# Introductory Material

## 1. Working with Jupyter

- execute a cell with CTRL+ENTER or ALT+ENTER (to open a new cell underneath)
- CTRL+Z for (per-cell) 'undo'
- cells follow order of execution - *not* top-to-bottom
- add [Markdown](https://daringfireball.net/projects/markdown/syntax) cells for formatted text

In [None]:
# system commands
! ls

Jupyter 'magic' commands:
- `%alias` = create command/function alias
- `%debug` = open interactive debugger
- `%edit` = open editor & execute after close
- `%env` = set environment variables
- `%matplotlib inline` = embed plots/images in notebook
- `%store` = save data for use in another notebook
- `%time/%timeit` = time execution of function call


Recommended reading:
- [28 Jupyter Notebook Tips & Tricks](https://www.dataquest.io/blog/jupyter-notebook-tips-tricks-shortcuts/)
- [`interact` docs](http://ipywidgets.readthedocs.io/en/latest/examples/Using%20Interact.html)
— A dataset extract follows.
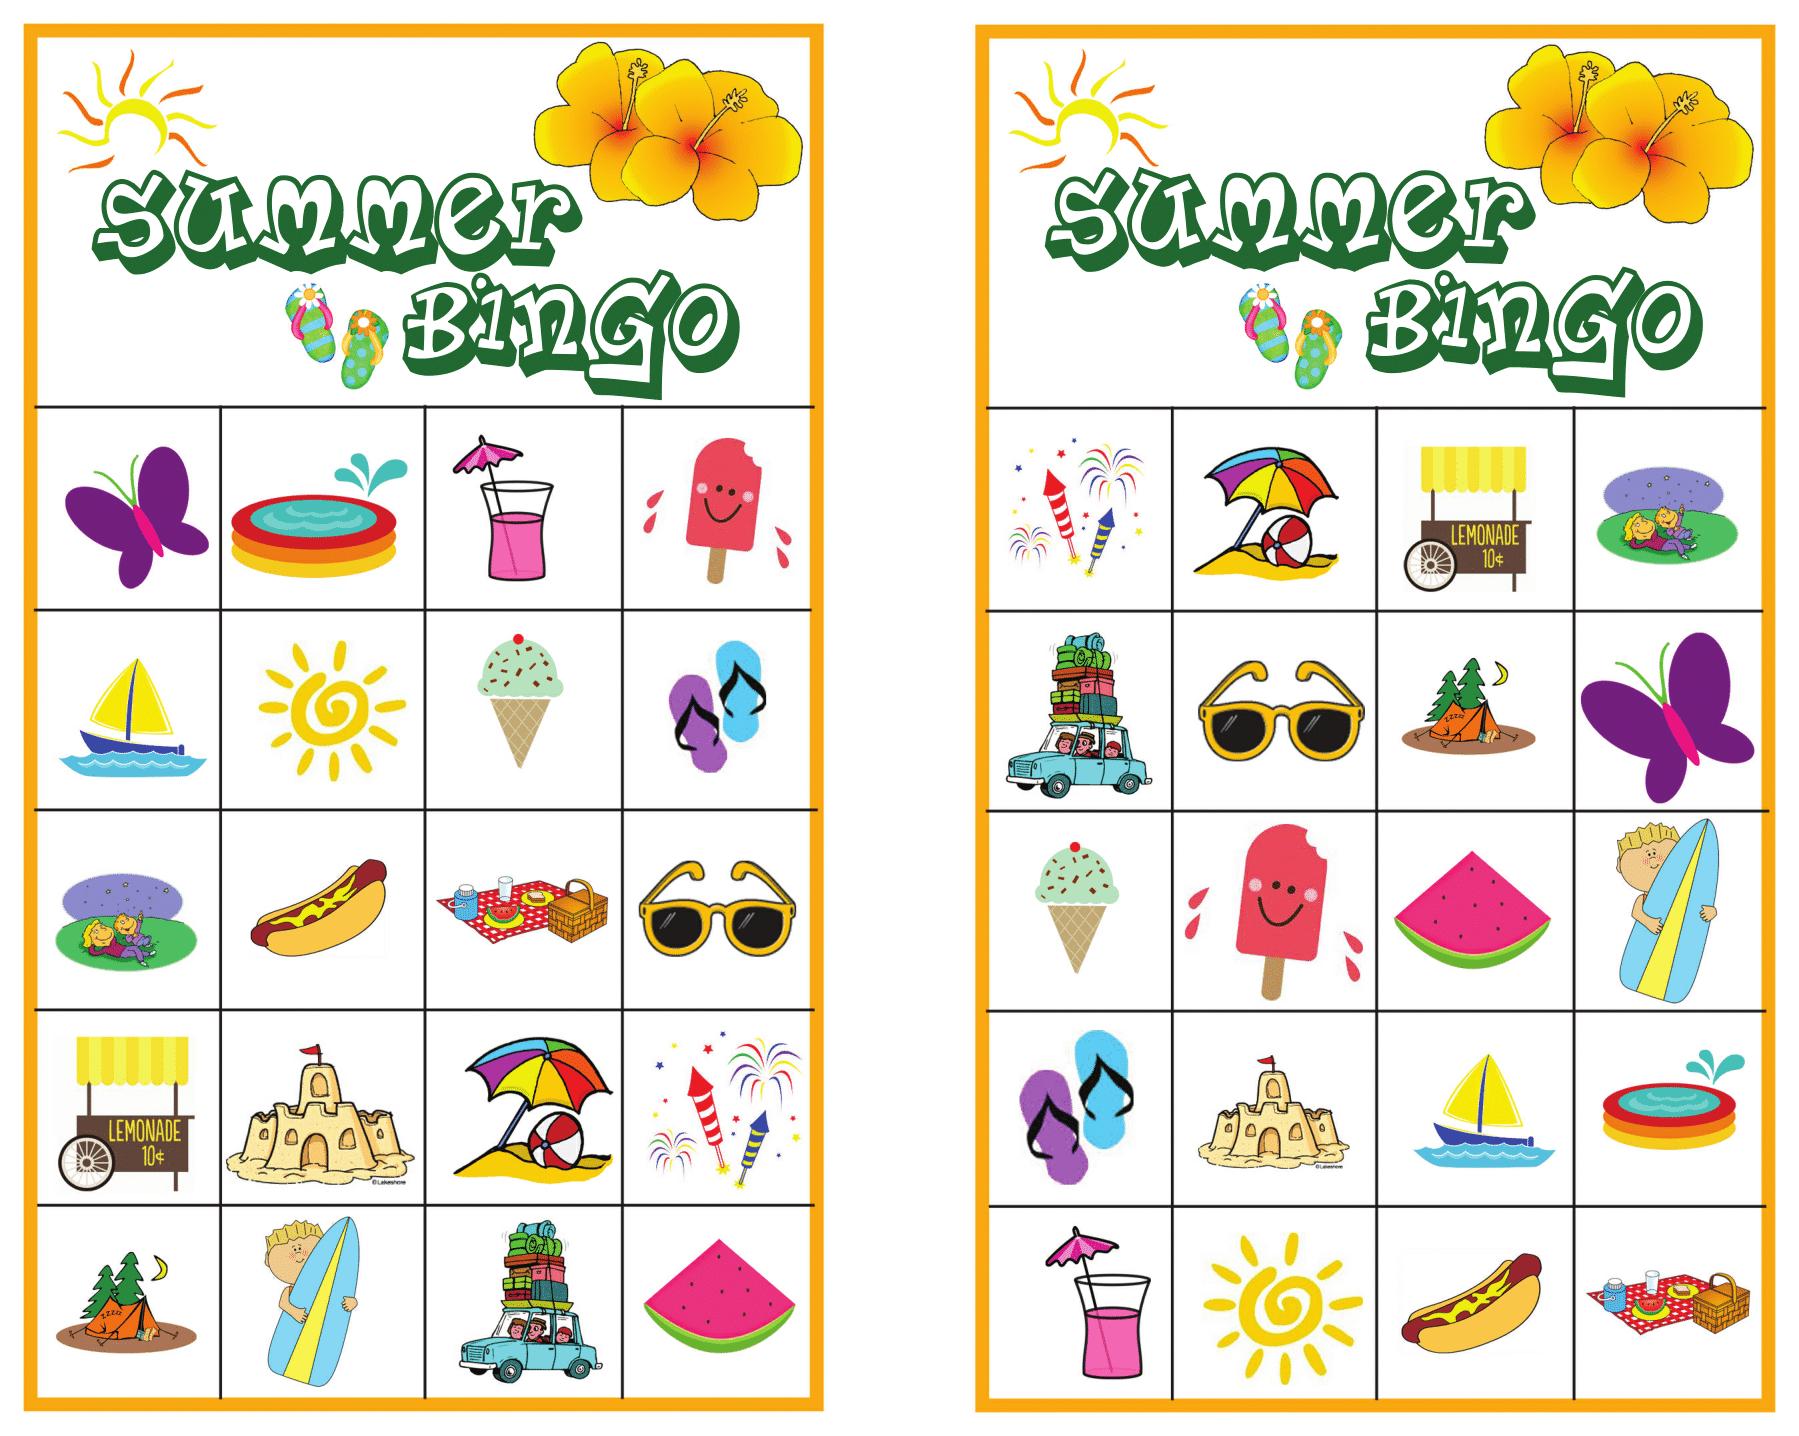 Summer Bingo Game With Free Printables - Free Printable Bingo
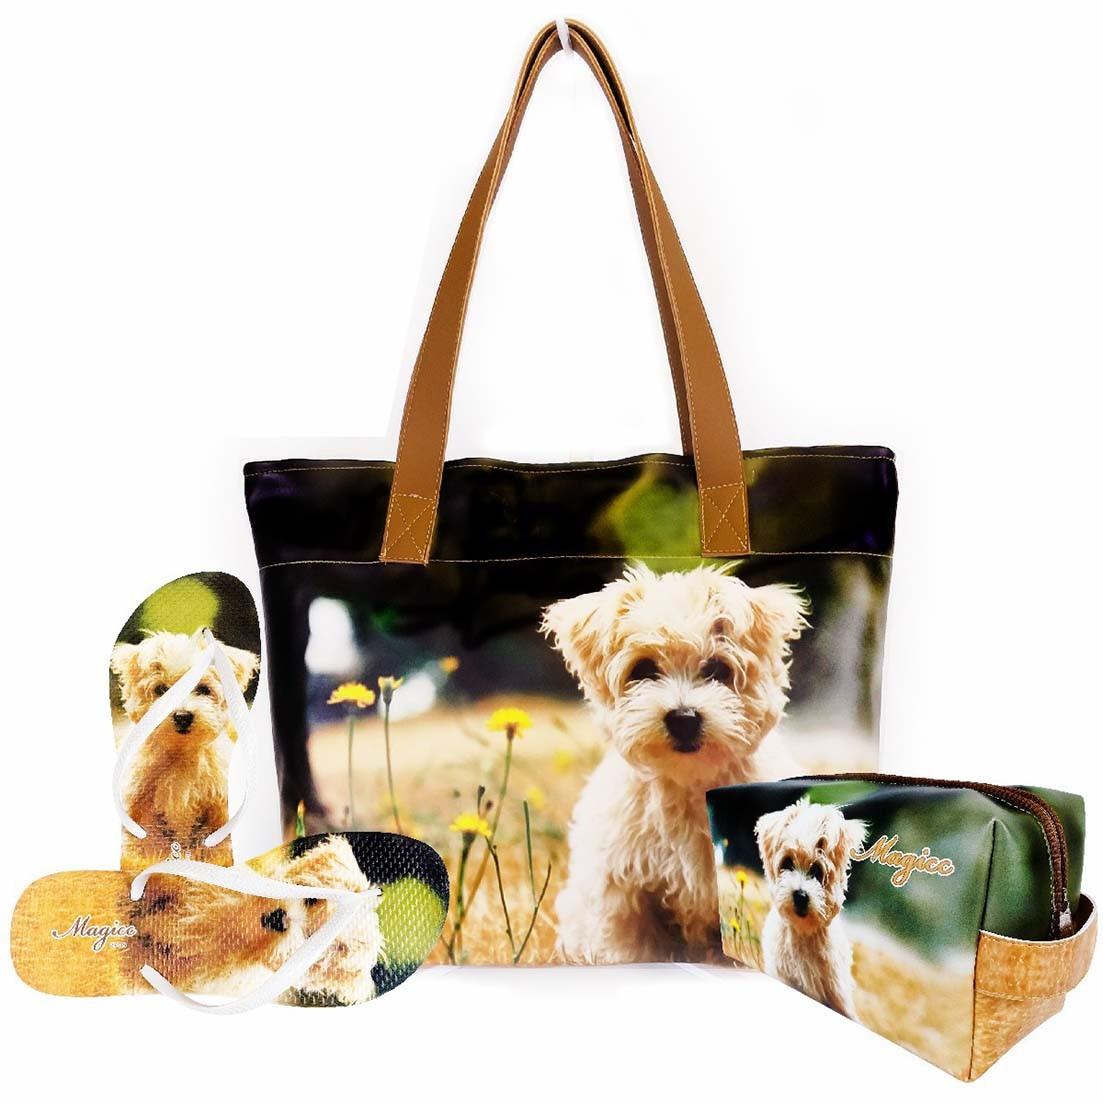 Kit Pet Feminino Cachorro com Bolsa, Necessaire e Chinelo, Magicc

## 2. Finding Help & Reading Documentation

In Python, you can view the documentation for any object with the syntax `help(obj)`. Invoke a help search prompt with `help()`.

To get a list of all of an objects attributes and methods, use `dir(obj)`. Calling `dir()` with no arguments provides a listing of everything defined in the current scope.

In [None]:
a = 'a string'
b = 10
def c(a, b):
    print(a*b)

print(dir(a))
print(dir())

(__Note:__ In Jupyter, the environment includes a lot of additional, weird-looking variables e.g. `In` and `Out`.)

In the Juptyter Notebook, another help option is available: type

`range?`

to get a pop-up window of documentation for the `range` function. You can scroll up and down this help page, and close it once you're done.

### Reading docstrings and help pages

Let's dissect the help page for `numpy`s `arange` function.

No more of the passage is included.